Thats how I would put it politely.

------
k33n
This reminds me of some of the bad ideas I've had when intoxicated.

------
drawkbox
Louis CK paid 35k so that he didn't have to give a piece of the revenue. A
better model would be to offer both ways in case a creator wants 100%
ownership. Transaction fees, production costs, etc are enough of a cut.

------
newobj
Why not just build the site and then offer it to him for free. I'm not sure
why people think putting together these "dearxxxxx" websites is any
better/different than a cold-call or email. If you'd built the actual site and
offered to hand it over to him for free that would have been a whole other
story.

------
wyck
The color scheme, the shadows, the fonts, the horror, guys seriously hire a
designer or UI person. A crucial link is missing, the one the USER sees, you
know with their eyeballs.

------
mvkel
So, $35,000 one-time, or potentially way more than that long-term? I think
I'll take the first one, thanks.

------
kev009
Seriously, GTFO. This is disingenuous.

Trying to make money by doing this kind of thing isn't wrong, but that's a
private negotiation with the talent.

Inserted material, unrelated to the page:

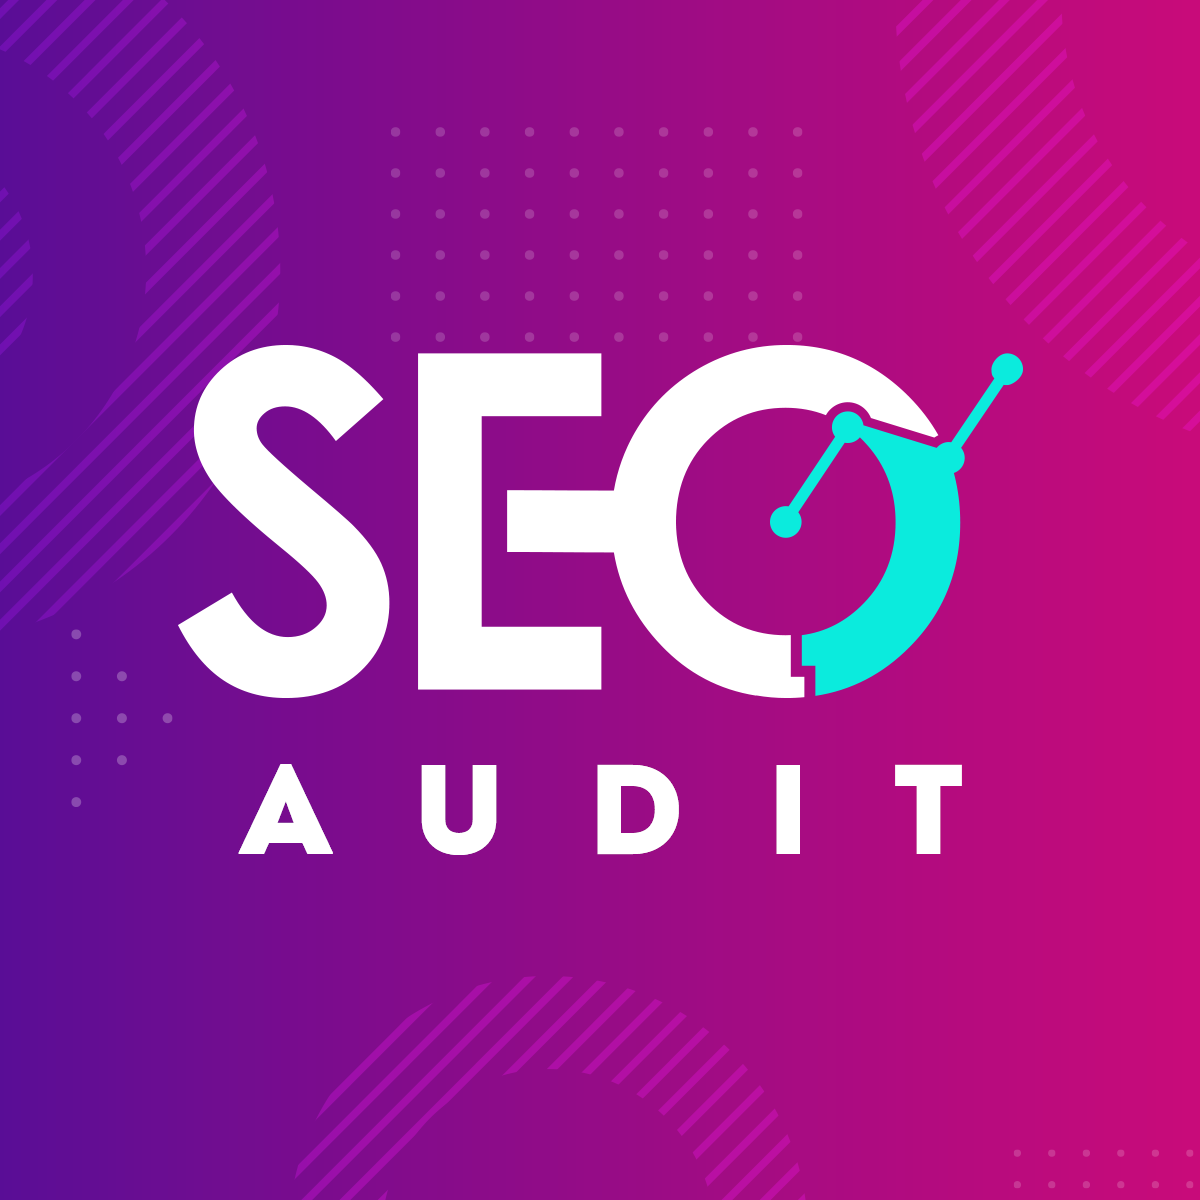 SEO Audit Pro: All SEO tools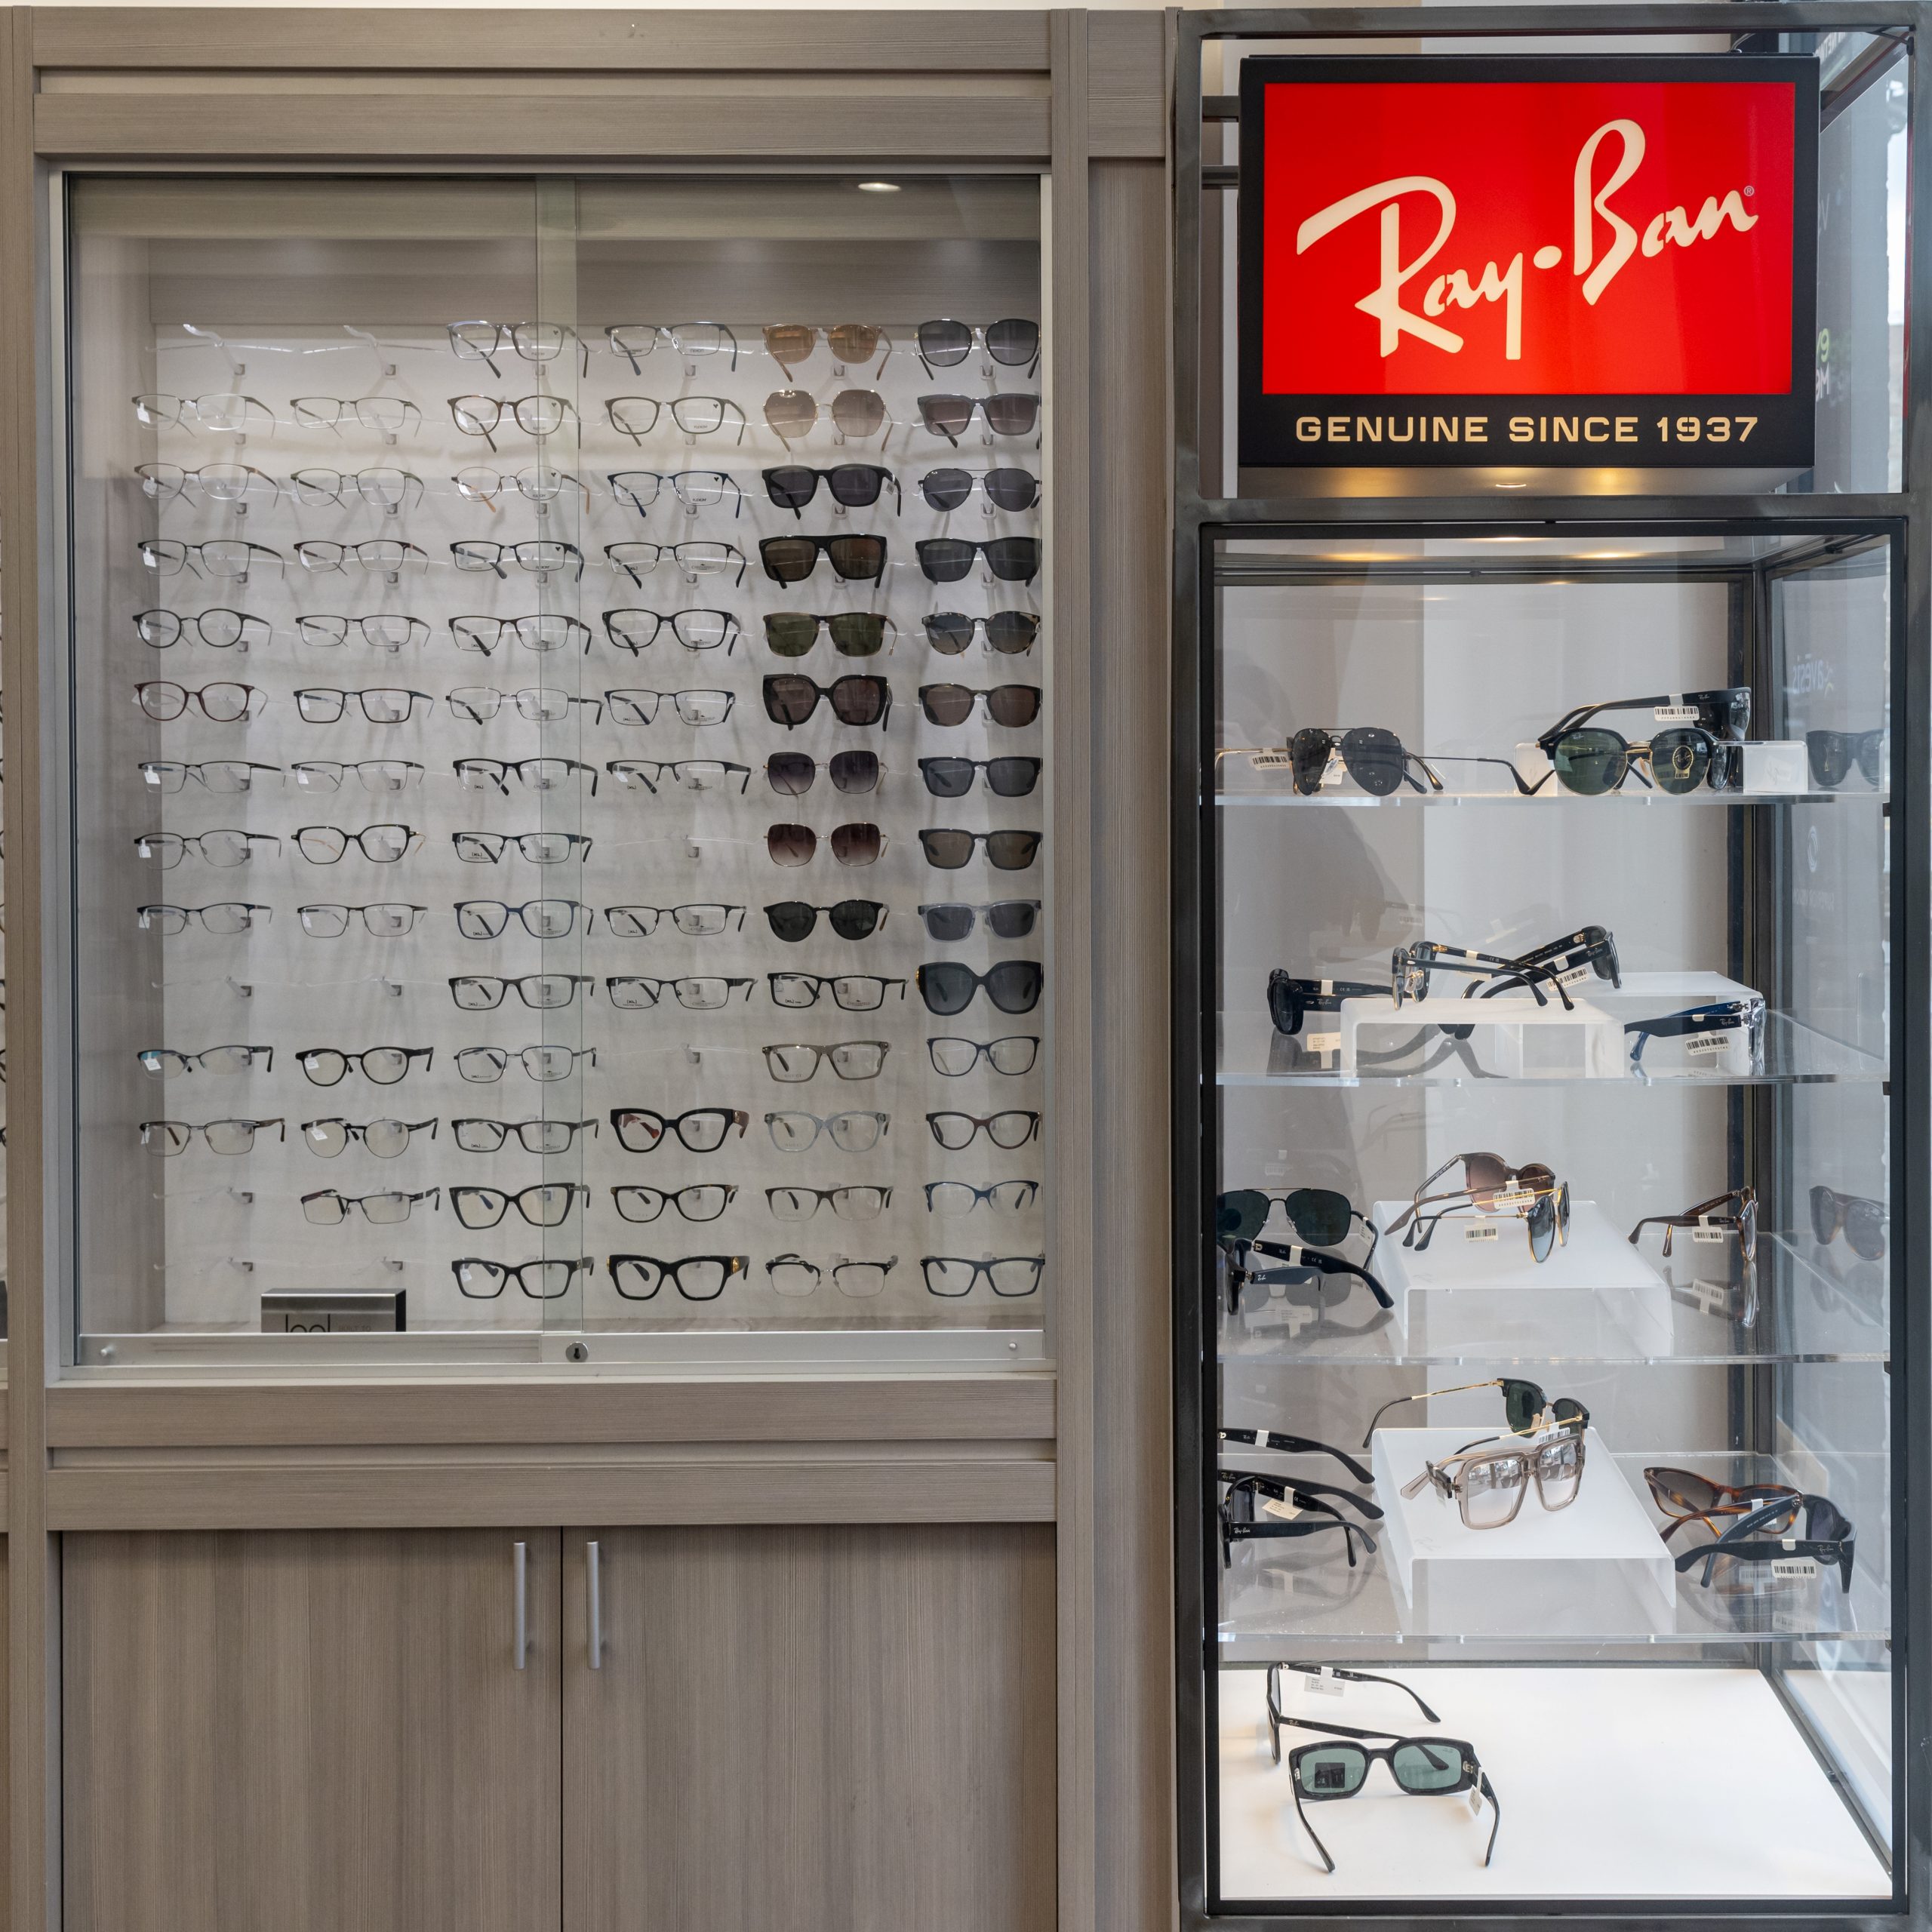 Ray Ban sunglasses display

You don't get to pretend you're doing it
for "free" for upvotes and exposure.

------
workhorse
The biggest issue with this is that they don't understand Jim Gaffigan's
comedy.

The way to be humorous with something like this is to use a skit from one of
his early comedy skits with a witty twist.

------
timClicks
Liked the post until the needless mention of blowjobs came up.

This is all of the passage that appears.